Slots 408 and 412 and channels 410 and 414 of the front and back processing apparatus may be arranged in any suitable manner to facilitate the supply of slurry and / or cleaning chemistry. For example, FIG. 5 shows a perspective view of a front processing apparatus 310 according to an embodiment of the present invention. In the front processing apparatus 310, a plurality of channels 512, 514, 516, 518, and 520 are formed to supply slurry to the plurality of slots 502, 504, 506, 508, and 510, respectively. These slots 502, 504, 506, 508, 510 are formed in the lower portion 522 of the front processing apparatus 310 to receive the slurry and supply it to the lower side of the wafer. Preferably, slots 502, 504, 506, 508, 510 are formed in lower portion 522 of front processor 310 such that outer edge 524 of front processor 310 is structurally uniform. The slots 502, 504, 506, 508, 510 may extend at least a little, for example, to the width 526 of the front processor. It should be noted that the slots 502, 504, 506, 508, 510 and the channels 512, 514, 516, 518, 520 may be arranged in any suitable way to facilitate the supply of slurry down the wafer. For example, the slots 502, 504, 506, 508, 510 may be formed at an inclined angle to enhance the supply of slurry to the rotating wafer. In addition, the slots 502, 504, 506, 508, 510 and channels 512, 514, 516, 518, 520 are similar in the backside treatment apparatus of the present invention to facilitate the supply of cleaning chemistry and / or slurry. It may be provided in a structure.
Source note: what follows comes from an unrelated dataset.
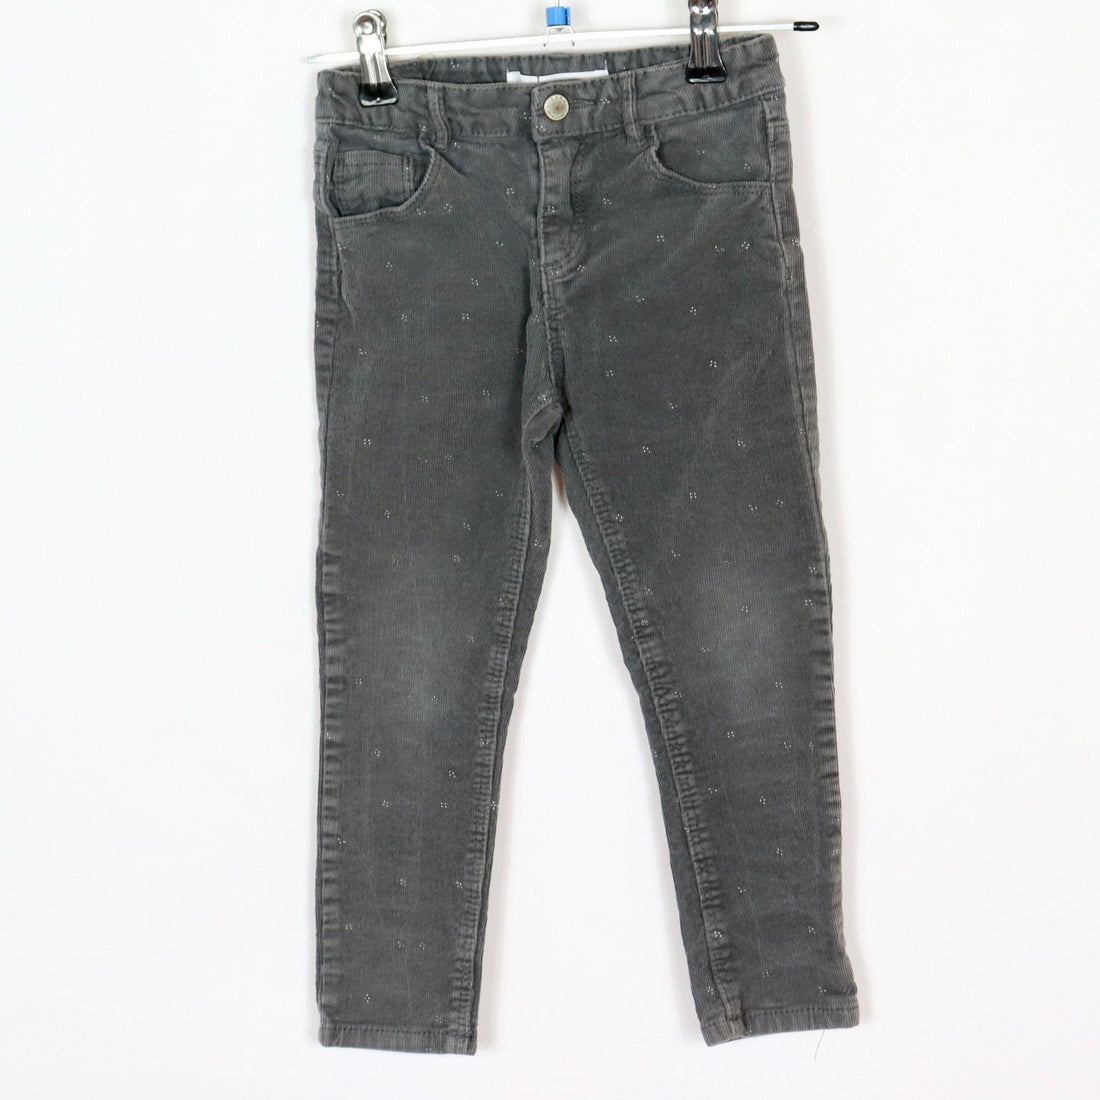 Jeans - Zara - 110 - grau - sehr guter Zustand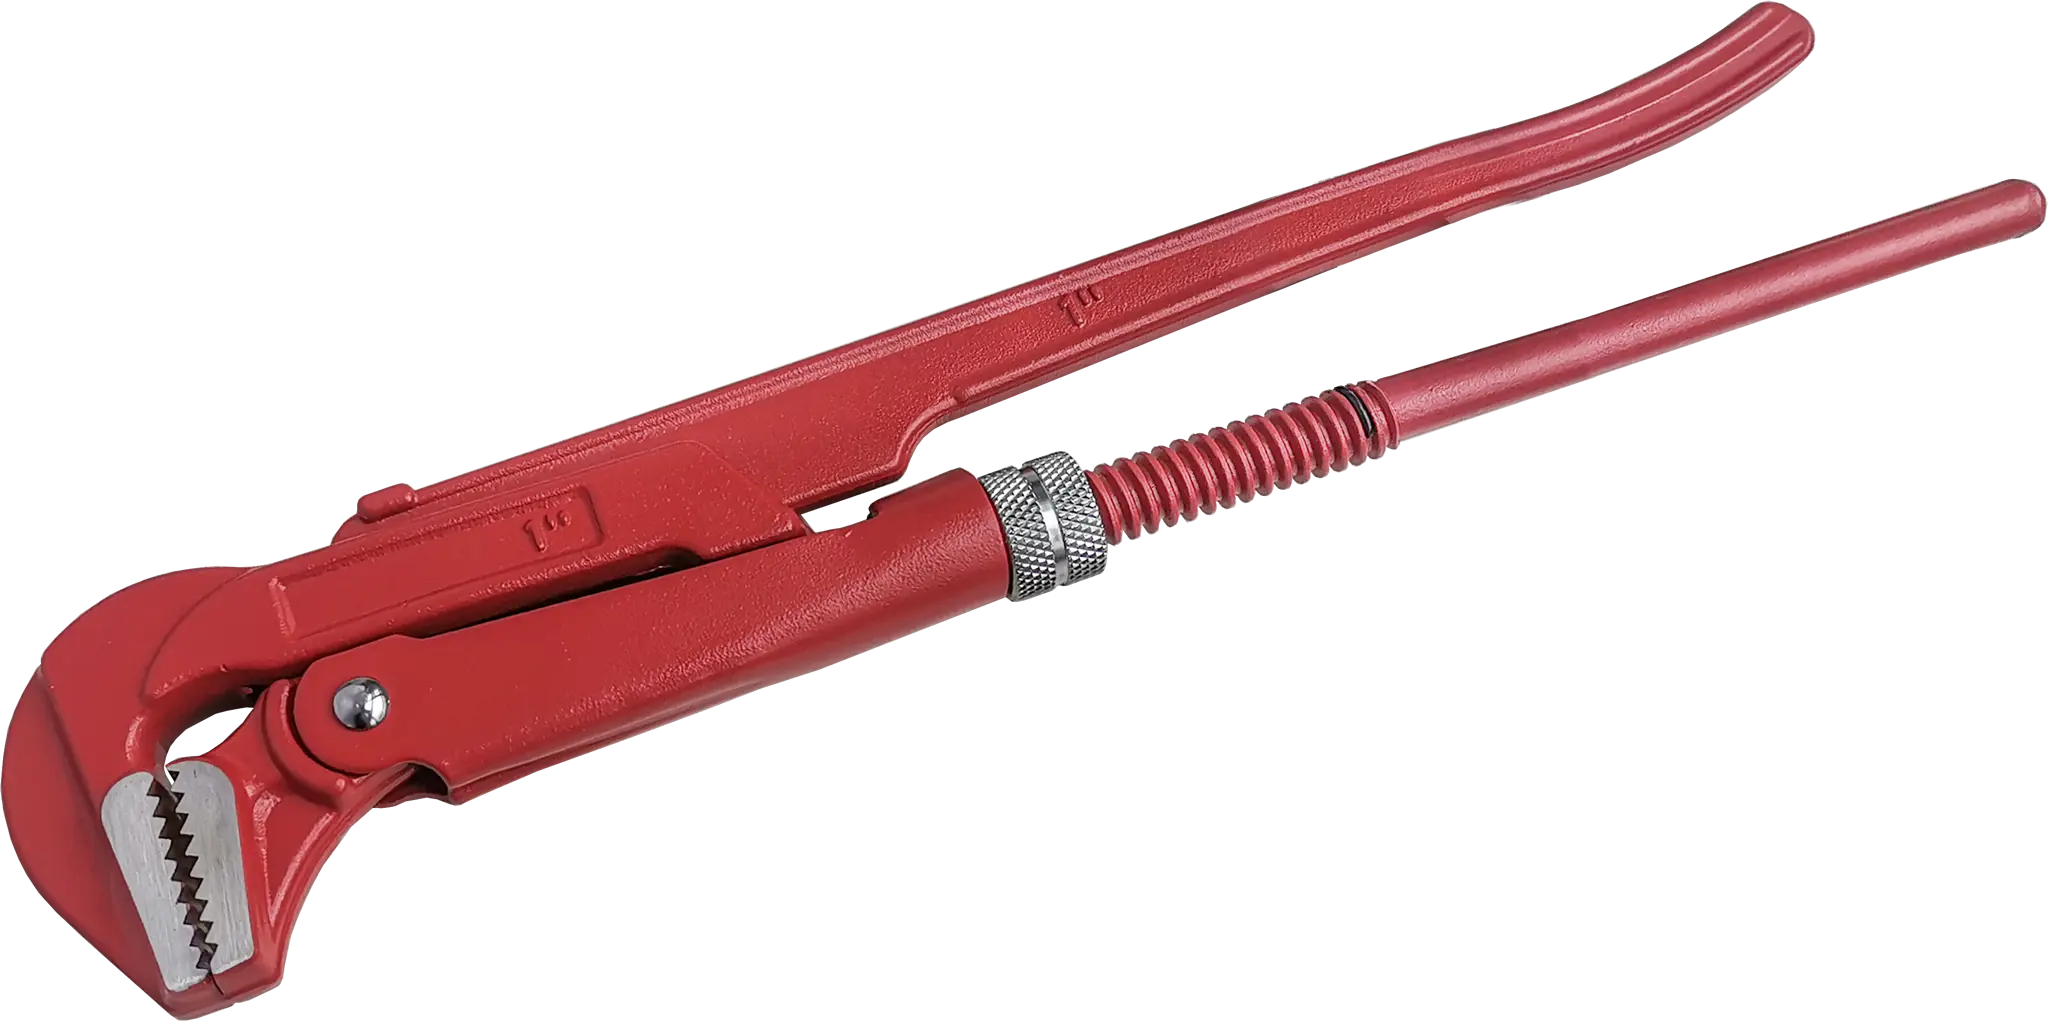 Ключ трубный газовый рычажный КТР-1 захват 25 мм, длина 320 мм трубный глухой метчик русский инструмент

6A shows a cross-sectional view of a front side processing apparatus 604 arranged to mask a portion of a wafer 602 and edge effects of the wafer 602 according to one embodiment of the present invention. Wafer 602 and front side treatment device 604 are located on polishing pad 604. In this configuration, the front processing apparatus 604 and the wafer 308 are divided such that both are aligned with the plane of the polishing surface 608 on the polishing pad 606. The presence of the front side processor 604 moves the high pressure edge point away from the wafer 602 to the outer edge 610 (ie, leading edge) of the front side processor 604. Similarly, independent frontside processor 604 moves low pressure zone 612 away from wafer 602 to a location near outer edge 610 of frontside processor 604. Thus, when the downward force indicated by arrow 614 is applied, the normal pressure vector 616 below wafer 308 is substantially uniform in size and direction. As such, the front surface processor 604 effectively moves the edges of the wafer 602 from undesirable edge effects by moving the edge effects from the edges of the wafer 602 to the outer edge 610 of the front surface processor 604. Mask it. Eliminating the edge effect under the wafer 602 alternately allows the slurry to be fed more evenly under the wafer 602. Thus, the planarization efficiency of the wafer 602 is substantially improved. Similarly, the backside treatment apparatus of the present invention reduces the edge effect under the wafer 602 in a similar manner.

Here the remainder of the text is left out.